И он мне рассказывает, что это скорее символическое мероприятие, чем реальная коронация. Как конкурс красоты у нас, только по-индейски. Я задумываюсь на секунду, но почему-то так и не могу себе мысленно представить гордую индейку Какчикель, разгуливающую под свет софитов в бикини по подиуму. Наверно, она должна выглядеть, как крутобедрая кинозвезда Голливуда мексиканка Салма Хаек, не иначе. Любопытно будет поглядеть! Леопольдо терпеливо поясняет, что традиция существует с древних времен, когда девушек посредством этого конкурса отбирали для участия в священных ритуалах жрецов майя. Существовал даже особый танец – ak?t, представлявший трансмутацию танцующих в божества, служащие своего рода проводниками для установления контакта между реальным и потусторонним миром. Контакт этот очень важен даже для нынешних майя, как своего рода страховка под залог будущего урожая, продолжения рода, удачной сделки и т. п. А уж для древних это был просто основополагающий элемент их бытия, обуславливающий принятие или непринятие буквально всех судьбоносных решений в жизни народа. И поскольку быть проводником и связующим звеном между мирами есть поистине непосильное бремя для простого смертного, то работа эта была, как правило, сезонной и весьма скоротечной. За вредность на производстве в то время еще не додумались платить компенсации, всяких там санаториев-профилакториев, надо полагать, тоже не существовало, и бедные избранницы сгорали на работе, как свечки перед рассветом. Удостоверившись, что танцовщицы выполнили свою миссию по отслеживанию прохождения космических и земных временных циклов, и что ходатайство перед богами о благоприятных для народа решениях было услышано и благосклонно принято, жрецы устраивали новый конкурс красоты на замещение вакантных должностей. Совсем как в современном мире.

– Слышал ли ты об эпосе нашего народа – «Пополь Вух»? – спрашивает Леопольдо. Я признаюсь, что слышать-то слышал, но читать вот не читал. – Там говориться обо всем в этом мире, – кивает он понимающе. – О том, как этот мир был сотворен, как с трех попыток из разных ингредиентов были созданы люди и как они эволюционировали. Это местами даже похоже на ваш ветхозаветный Генезис! – улыбается он.

– А иногда напоминает индийскую «Махабхарату»с ее такой земной борьбой за власть при активном участии неземных сил. Пораженный в самое сердце эпическими познаниями простого guatemalteco, я ничего ему не отвечаю по существу и только мычу что-то о том, что надо будет непременно почитать «Пополь Вух» при случае.
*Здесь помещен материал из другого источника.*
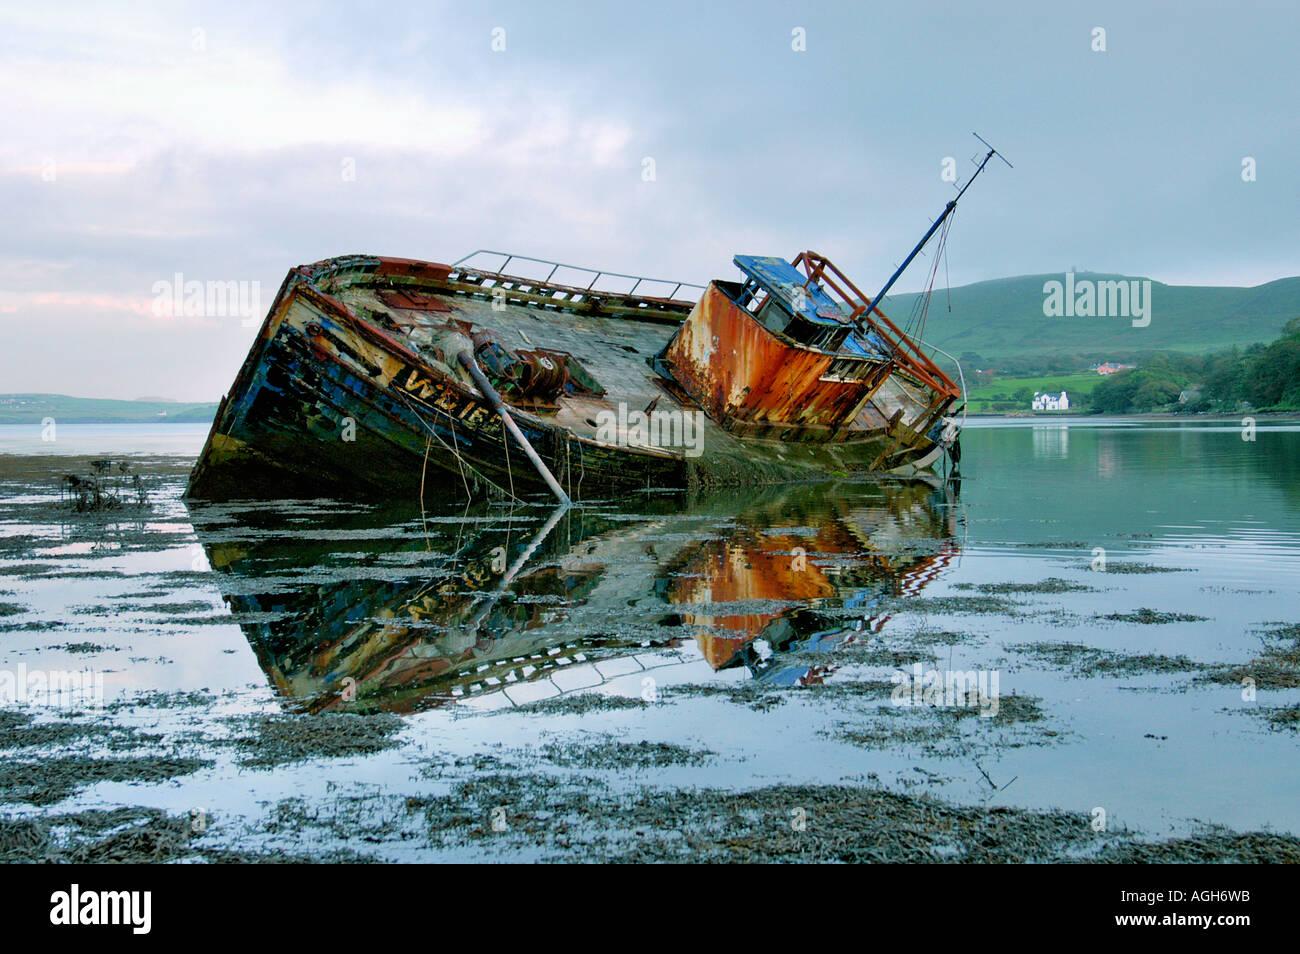 old shipwreck, West Coast, Ireland - Stock Image

К счастью, мы уже подъезжаем к Чимальтенанго, и это спасает меня от стыда дальнейшего испытания на знание эпосов великих народов древности.

Леопольдо напоследок дает инструкции по вопросам поведения в городе и немного обрисовывает особенности социального устройства современных майя. Оказывается, индейцы эндогамны, то есть не смешиваются в браке с другими племенами, хотя сейчас эта традиция все больше утрачивает силу, и уже не редкость браки и с креолами, и с ладино. (Только про белых он почему-то умалчивает, и я сразу вспоминаю давешнюю гордую индейку из Антигуа!). В городах это проявляется в особом устройстве жилых кварталов, где несколько родов застраивают каждый свое собственное обособленное пространство, как правило, примыкающее острым углом к центру. А центр, в который мы уже как бы въехали, начинается прямо с автобусной остановки напротив Pol o Campero, местного гриля, импортированного, как и весь ресторанный fast food, из США. По заверению Леопольдо, все, что примыкает к центру и находится под присмотром вооруженной полиции, является относительно безопасным местом для прогулок. В дневное время. В другие кварталы, ревностно охраняемые околоточными надзирателями с мачете и свистками, заходить без сопровождения не рекомендуется. Просто чтобы не привлекать к себе повышенного внимания.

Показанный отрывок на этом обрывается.